Молодежь предместий считала эти стычки проявлением отваги. Возмущением против несправедливости.
А у меня, если говорить откровенно, сжималось сердце. Речь шла о квартале, где я когда-то жил, о наверняка знакомых мне парнях, которых сейчас называли хулиганьем, шпаной, преступным элементом. Когда мы оттуда уехали, квартал уже не пользовался доброй славой. Потом его репутация только ухудшилась. Как, собственно, и условия жизни — они тоже стали намного хуже. Кроме столкновений между алжирцами — пье-нуары продолжали воевать с харки, — стычки возникали из-за территорий, сфер влияния. Их оберегали от любых посягательств — соседних банд, полицейских, чиновников и просто прохожих.

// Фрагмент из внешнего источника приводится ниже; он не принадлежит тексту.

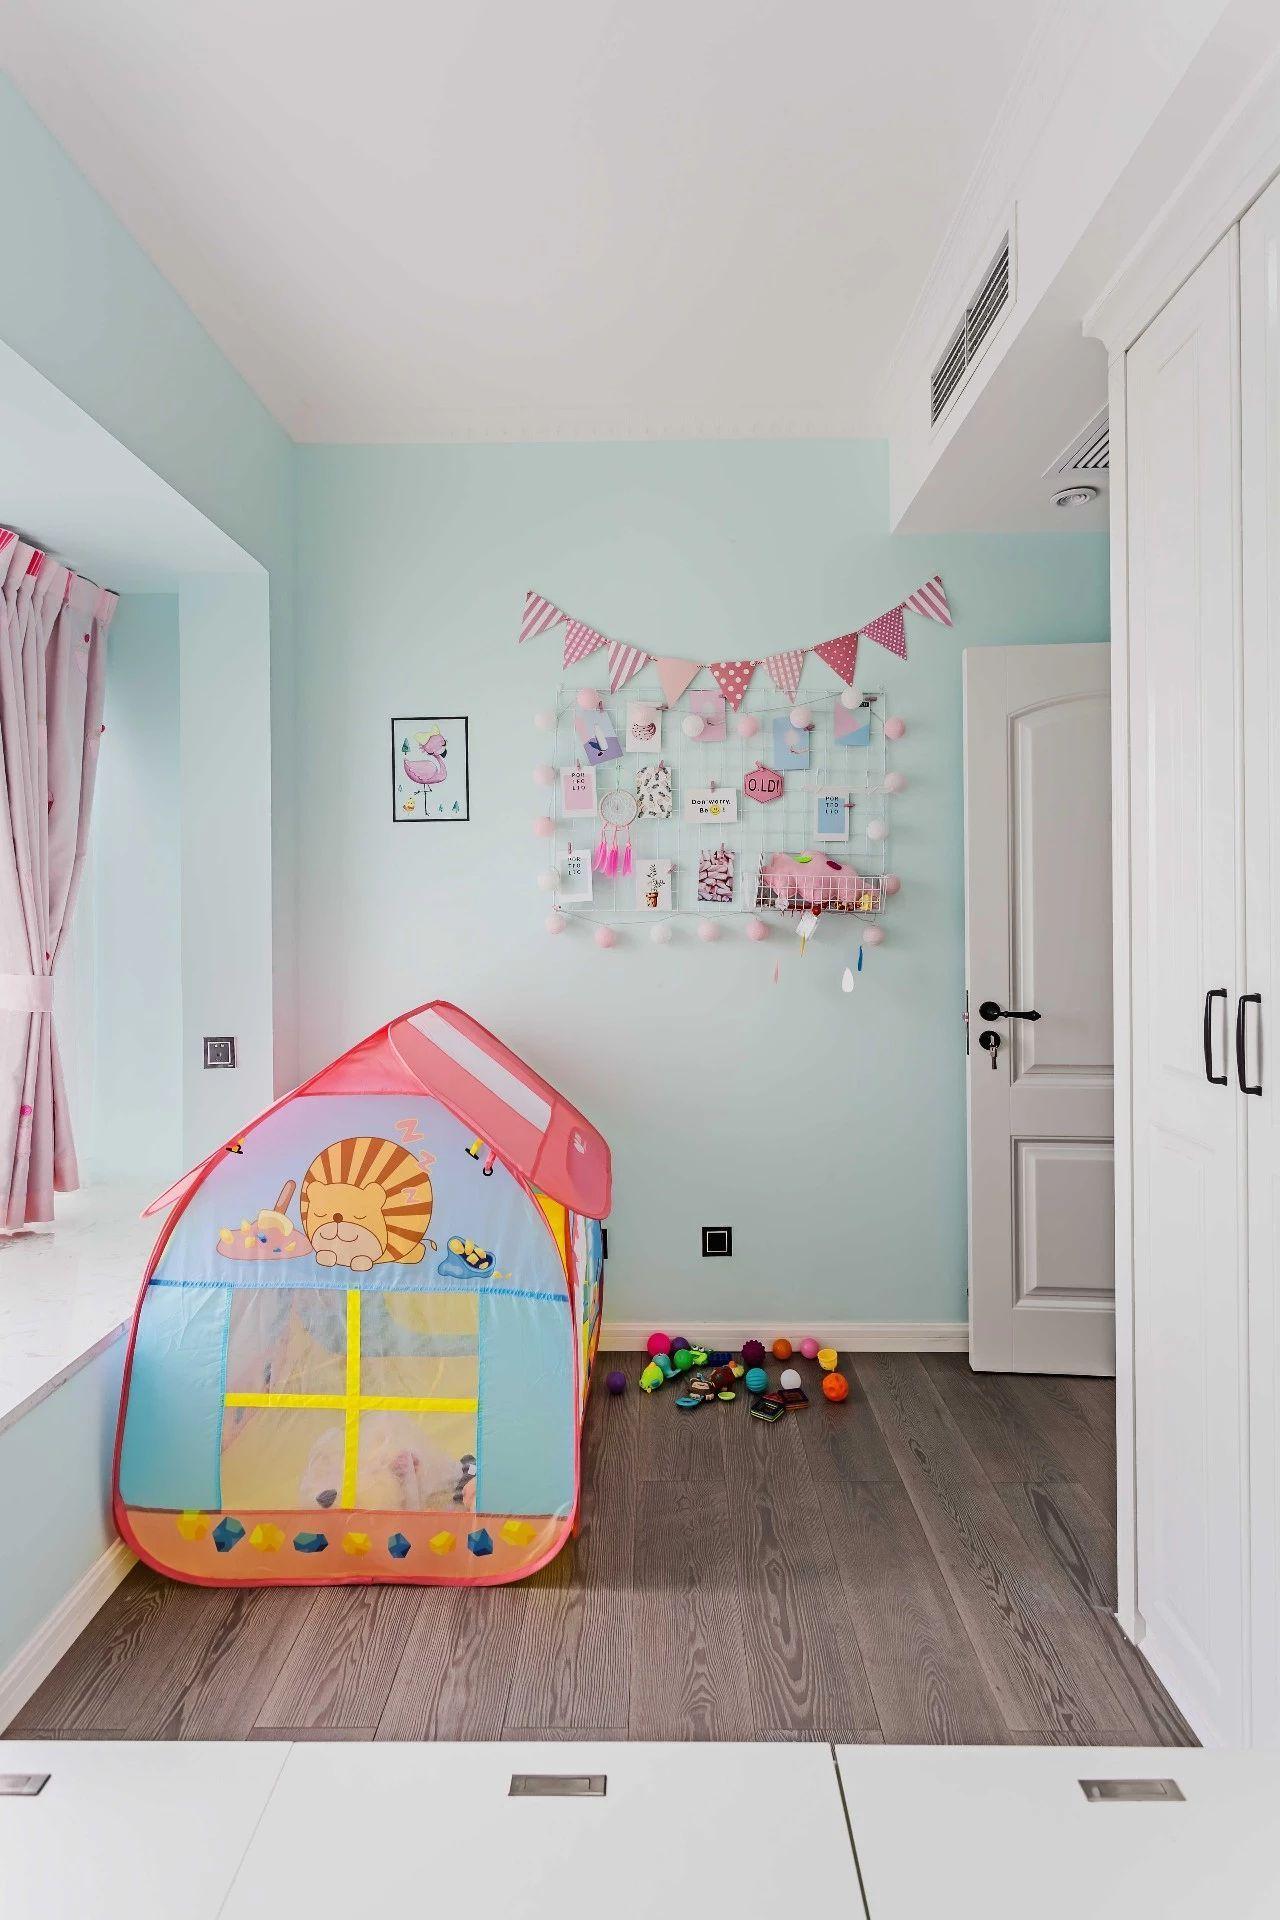 这个空间房摆上的是一张有限床上子母,让儿童的下铺利用化的得以漫画恐怖鸡校图片

— Сейчас беспорядки в Симионе? — сказал Фаруз. — Ты, кажется, оттуда переехал, Мунир? Или я ошибаюсь?
— Ошибаешься, я из Касабланки, — отозвался я, не желая продолжать разговор, который неизбежно погрузит меня в тоску.
— Черт побери! Это у вас, марокканцев, такой юмор? — усмехнулся Фаруз.

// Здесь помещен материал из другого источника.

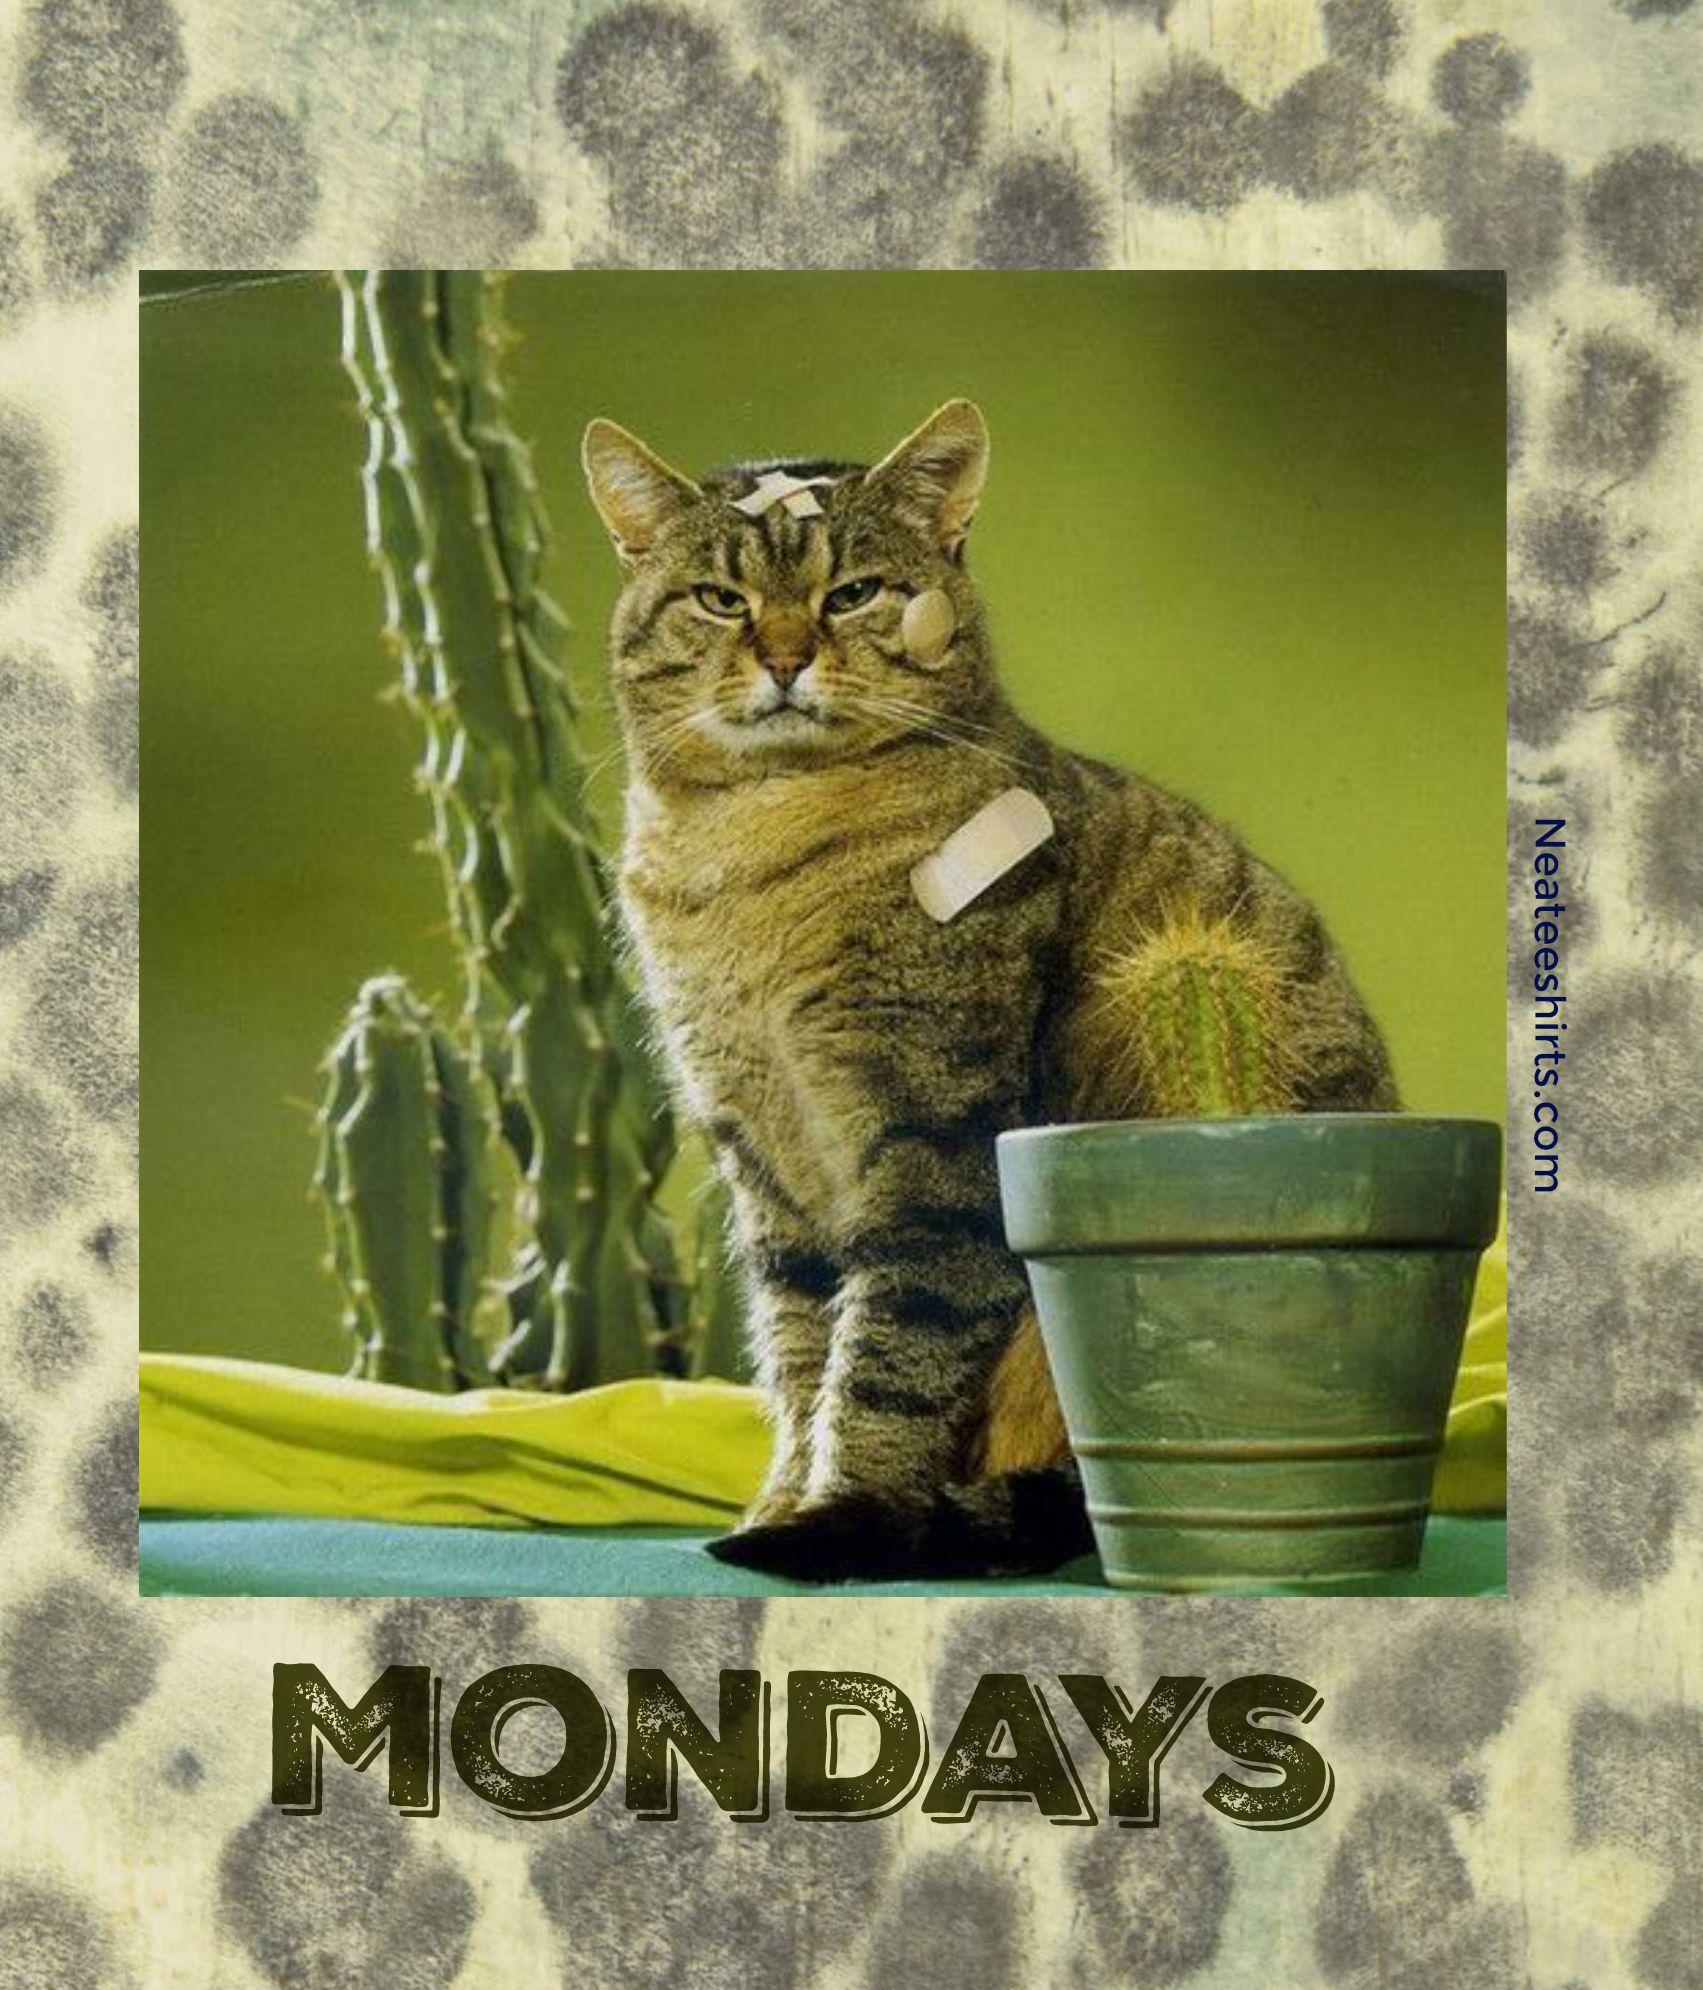 Yes, Mondays hurt.

— А несколько лет тому назад полыхало в Грапиньер, — вспомнил Лагдар.
— Однажды полыхнет повсюду, — предрек Фаруз. — Все, кому надоели унижения, возьмутся за ножи.
— Мы попали в привилегированные. Сумели окончить лицей, а остальные прозябают в техучилищах, осваивают самые невыгодные профессии. Ты араб? Твои родители приехали сюда на готовенькое? Ну так отправляйся в котельную, к станку, или бери метлу, мети улицы.
— Потому-то нам и нужно попотеть, парни! Попотеть и получить диплом. Показать, что мы здесь не затем, чтобы делать за них грязную работу!
Любой молодежи — из предместья, не из предместья — хочется показать себя. Кое у кого нет другой возможности, кроме как задираться и устраивать стычки. Другие вкладываются в учебу. Мы оказались из этого меньшинства и гордились этим.
Но я не обольщаюсь, потому что прекрасно знаю, что все трудности еще впереди. Дипломы не изменят наших лиц, нашего происхождения. Квартал, предместье, станут и для нас, как для наших товарищей, ловушкой. Мы будем сидеть там, словно пленники, обреченные на бесконечное ожидание, и, только покалечив себя, сможем оттуда выбраться. Фаруз не ошибается: все, что происходит там, покатится дальше, разойдется повсюду. Ученье не выход. То, что можно избавиться от проблем, переведя «опасные элементы» на запасной путь, — иллюзия. После того как французы уехали из предместий, те стали своего рода гетто, где арабская молодежь гноит свои надежды и мечты.
Причины всего этого? Экономический кризис, который обрек кормильцев на безработицу; родители, которые позволяют улице воспитывать своих детей; нетерпимость французов ко всему, что напоминает им о поражении в Алжире; грубые полицейские, которые любят унижать; отсутствие развлечений в кварталах; школа, которая пытается причесать всех под одну гребенку; иные культурные ценности, органично присущие иммигрантам…
Да этих причин столько — начни их перечислять, и сразу станет ясно, что решения не найти…
Игра называлась «Любовь властелина». Ее основное правило: верить как можно дольше, что любовь способна преодолеть все препятствия. А потом увидеть только препятствия, и избавиться от любви.
Роман Альбера Коэна[61] стал культовым среди еврейской молодежи, жаждавшей абсолютной любви. Во всяком случае, среди тех, кто любил читать. Каждый казался себе Солалем и видел в возлюбленной Ариану. Разумеется, мы не понимали всей значимости этой книги, сведя ее всего лишь к романтической истории. Но как бы там ни было, мы проживали описанные в ней стадии, подверстывали под книгу свою жизнь.
Мы с Сесиль тоже играли в эту игру. Но сегодня вечером игра закончится.
Не лучший конец для романа, полного чувств.
Я уже не первый месяц искал верные слова, чтобы написать в нем последние строчки. И вынужден был смириться: хеппи-энда не получалось.